When my kids were younger and I was struggling finding ways to parent that sat right with me, ways that showed I cared and respected my children as people too, and wanted to have a home that was centred around love, peace and harmony there were not much information out there that I could find that would help and guide me on my parenting journey. I would ring the parenting line and was told to do the normal parenting stuff such as punishment in some form and to do up reward charts and all the things that felt wrong to me, that made my stomach churn. I talked to other parents to get ideas of how they handled situations and again was faced with what was seen as the normal way to parent. The way we (me and my generation) were bought up.
I finally came across something called Non-Violent Communication (NVC). It is a method of communication that takes every bodies needs and feelings into consideration, yes even children, giving them a voice too and showing them we value them as people as well. It is about empowering others including children to make their own choices. It teaches us a method of Power-With rather than Power-Over.
Here are some of the many quotes By Marshall Rosenberg PhD, the founder of Non_violent Communication.
“Power-Over leads to punishment and violence. Power-With leads to compassion and understanding, and to learning motivated by reverence for life rather than fear, guilt, shame, or anger.”
“Punishment is the root of violence on our planet.”
“Fear of punishment diminishes self-esteem and goodwill.”
“At the root of every tantrum and power struggle are unmet needs.”
“Fear of corporal punishment obscures children’s awareness of the compassion underlying the parent’s demands.”
“The punitive use of force tends to generate hostility and to reinforce resistance to the very behaviour we are seeking.”
“NVC suggests behind every action, however ineffective, tragic, violent, or abhorrent to us, is an attempt to meet a need.”
“Violence results when people trick themselves into believing that their pain derives from other people and that consequently those people deserve to be punished.”
“Anger is a signal that you’re distracted by judgmental or punitive thinking, and that some precious need of yours is being ignored.”

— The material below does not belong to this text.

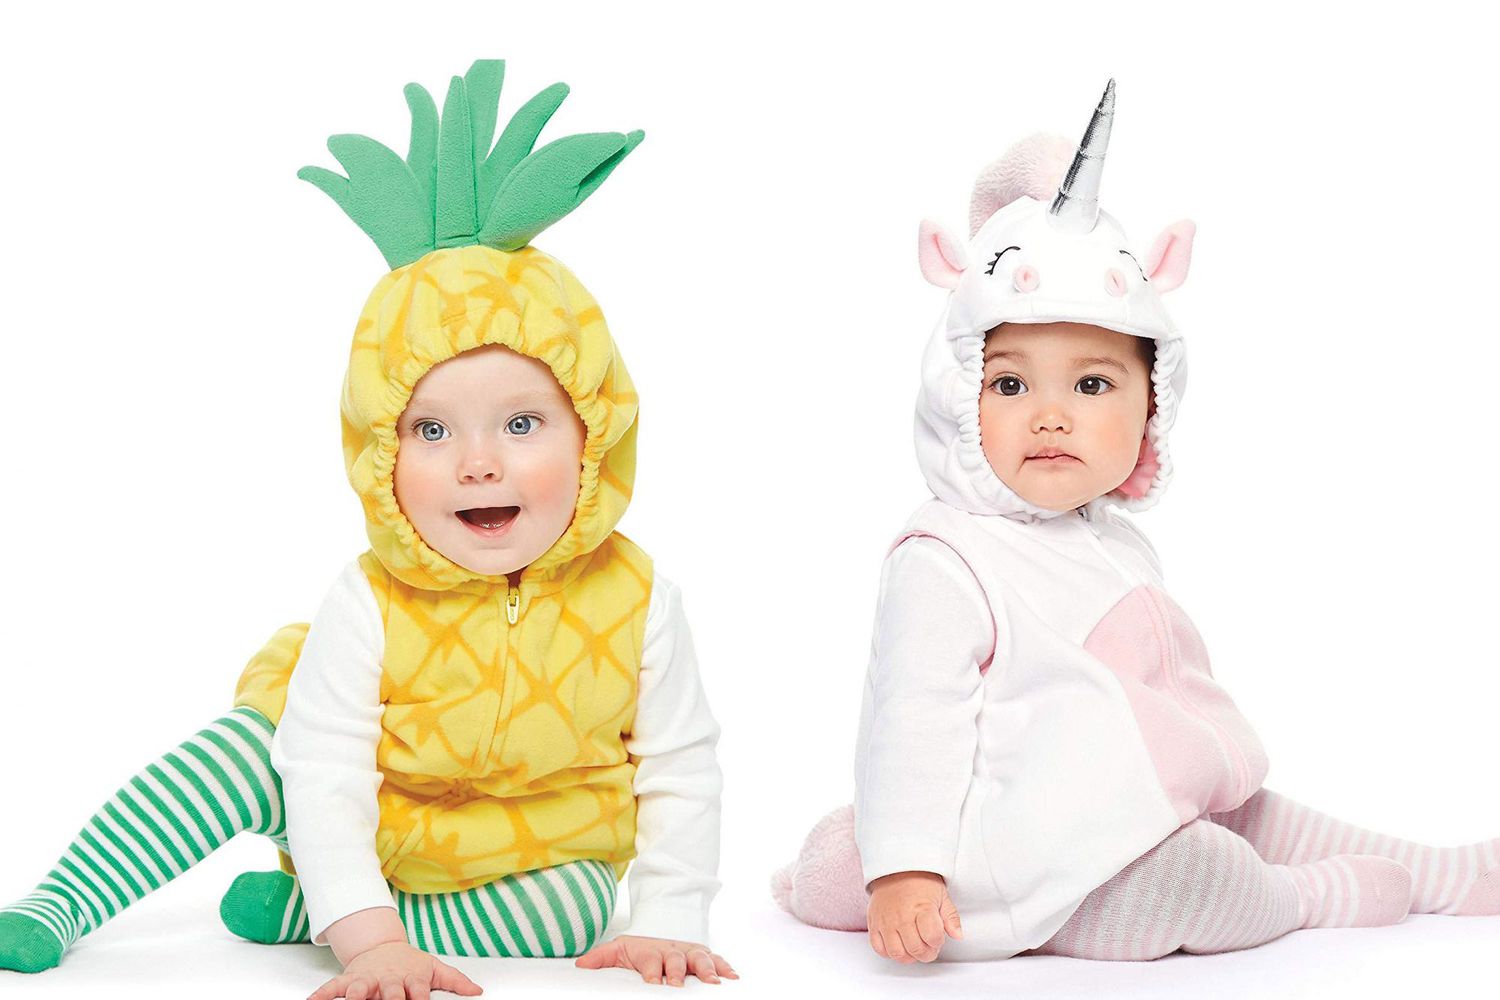 Merqwadd Unisex Toddler Baby Halloween Avocado Costume Cute Velvet Costumes Outfits

Here are a couple of links where you can learn more about NVC, it certainly helped me with parenting my children and it was a method of parenting that felt right for me.
http://www.nonviolentcommunication.com
I also come across a great Facebook page called Parenting Beyond Punishment.
I do believe that our upbringing plays a big part in our behaviours as adults. It has an impact on our values, on how we treat others, how we treat ourselves and how we allow others to treat us. Although I am not condoning the behaviour of abusers against their victims, I can see how these behaviours could have come to develop.
I know what I have said that some people may disagree with me and that is fine.
What I share are my thoughts, my observations and my opinions.
I would love to hear what you have to say about this.